White has taken Peale’s positive thinking theology into the 21st century with her perfectly coiffed blond hair, haute couture wardrobe, strutting on her church stage in gold stiletto sandals. During a January 2025 sermon, “How to Fight and Win in Spiritual Warfare”, an Elton John look-alike keyboardist provided syncopated background riffs while White, on this occasion, in skinny jeans, over-the-knee high-heeled boots, and a chic faux shooting jacket, warns listeners about a malevolent “league” of people who don’t even like each other coming together to “work treason against God’s people.” She repeats the word “treason” with added emphasis.

Like White, many lesser-known self-proclaimed prophets and visionaries produce massive “revelatory” content for numerous television and radio shows, websites and podcasts, social media posts and reels. Because these soothsayers are virtually all charismatic, they overwhelmingly endorse Trump’s politics. After his 2016 victory, Oklahoma-based “Messianic rabbi” (meaning a Jewish clergyman who believes in Jesus) Curt Landry wrote to his supporters that Trump was God’s “anointed.” He could prove this assertion with simple math: the 45th president would be “70 years, 7 months, and 7 days old on his first day in office,” alluding to a sequence of three numeral sevens, which many charismatic Christians believe symbolizes God’s perfect work on earth.
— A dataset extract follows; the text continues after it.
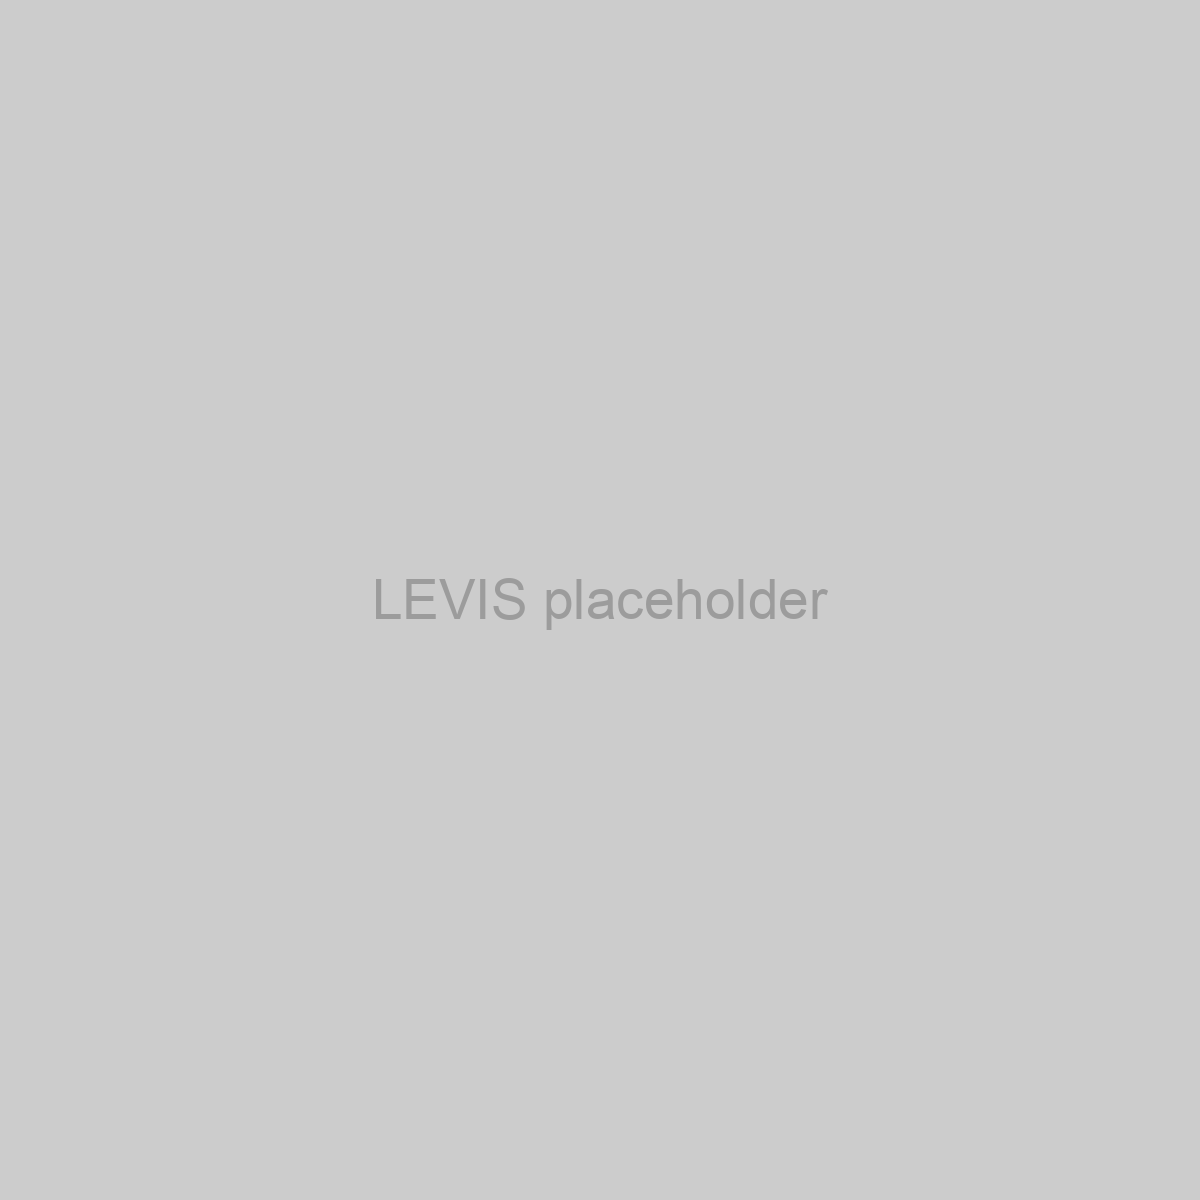 LEVIS Placeholder Image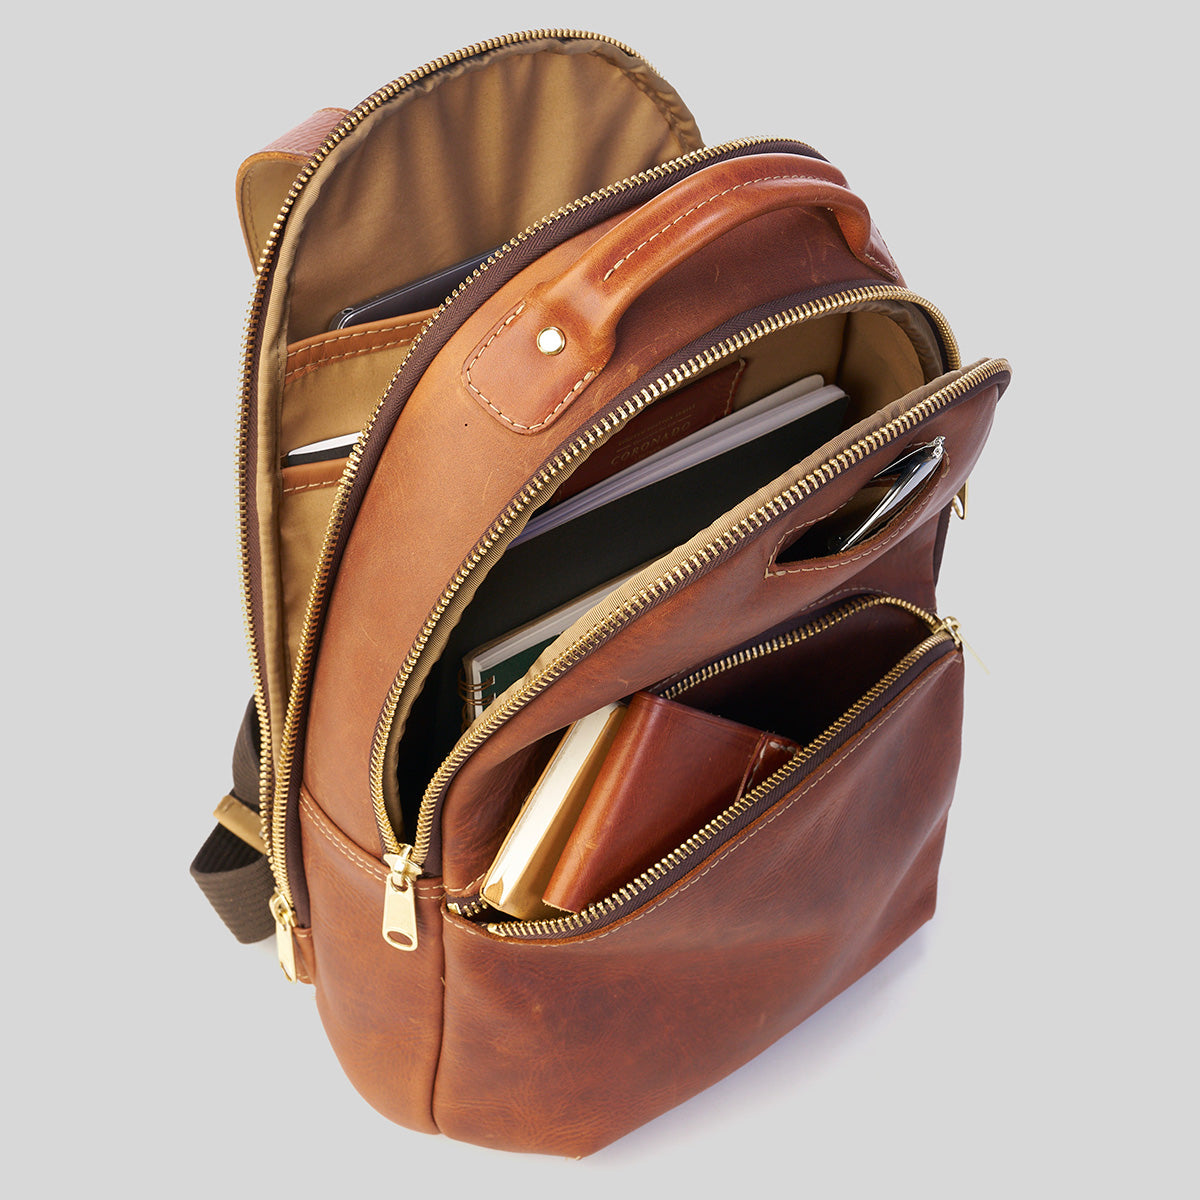 Clark Backpack No. 952  | LE Saddle x20

“For rebellion is as the sin of witchcraft, and stubbornness is as iniquity and idolatry.”

One of the superstars in the prophetic circuit is Jonathan Cahn, another messianic rabbi, who tells of being converted to Christ after being hit by a train locomotive when he was a teenager. Cahn checks all the right boxes for evangelicals eager to receive messages from God: as a Jew by birth, his ethnicity places him closer to the flesh-and-blood Jesus; a bearded, short, and stocky dark-complexioned man, he conjures the prophets of the Hebrew scriptures (it doesn’t hurt that he almost always dresses exclusively in black, head to toe). As a prolific author of a string of best-selling books with titles like The Harbinger, The Book of Mysteries, The Dragon’s Prophecy, and the Oracle, he feeds readers a constant stream of dopamine hits, claiming God’s spirit directly delivers writings to him. Cahn has been the most explicit and detailed apologist for Trump’s divinely appointed role in God’s end-times plan for the salvation of souls and the restoration of divine order in the universe. He stresses the mystical connections between Trump’s last name, birthdate, election, and relocation of the US Embassy to Jerusalem, vigorously defending Trump’s post of a meme declaring himself on a “mission from God.”

In Cahn’s video message, “The Mystery Behind The Trump Assassination Attempt,” he weaves an elaborate comparison between the Bible’s description of the consecration of the high priest in the Book of Leviticus, with blood being applied to the subject’s ear, thumb, and toe, to what happened on July 13, 2024. The significance of Trump’s damaged ear is obvious, but the absence of Trump’s shoes after the melee is also laden with power because “the priest was shoeless. So Trump was shoeless when the blood was touching at every point. In fact, based on the biblical evidence and the Levitical writings, the removal of the shoes was part of the ministering of the priest.” Among the 7300 comments garnered after some two million views was this one from@pattyfowler9987, “I also noticed. [sic] A change in the temperament of Trump after his near-death experience. That is when I became a supporter of Trump. There has been a transformation in him. Just the way his voice sounds, the words he says, and the way he cares for people. Praise God for mighty works. Amen! Pray for America!”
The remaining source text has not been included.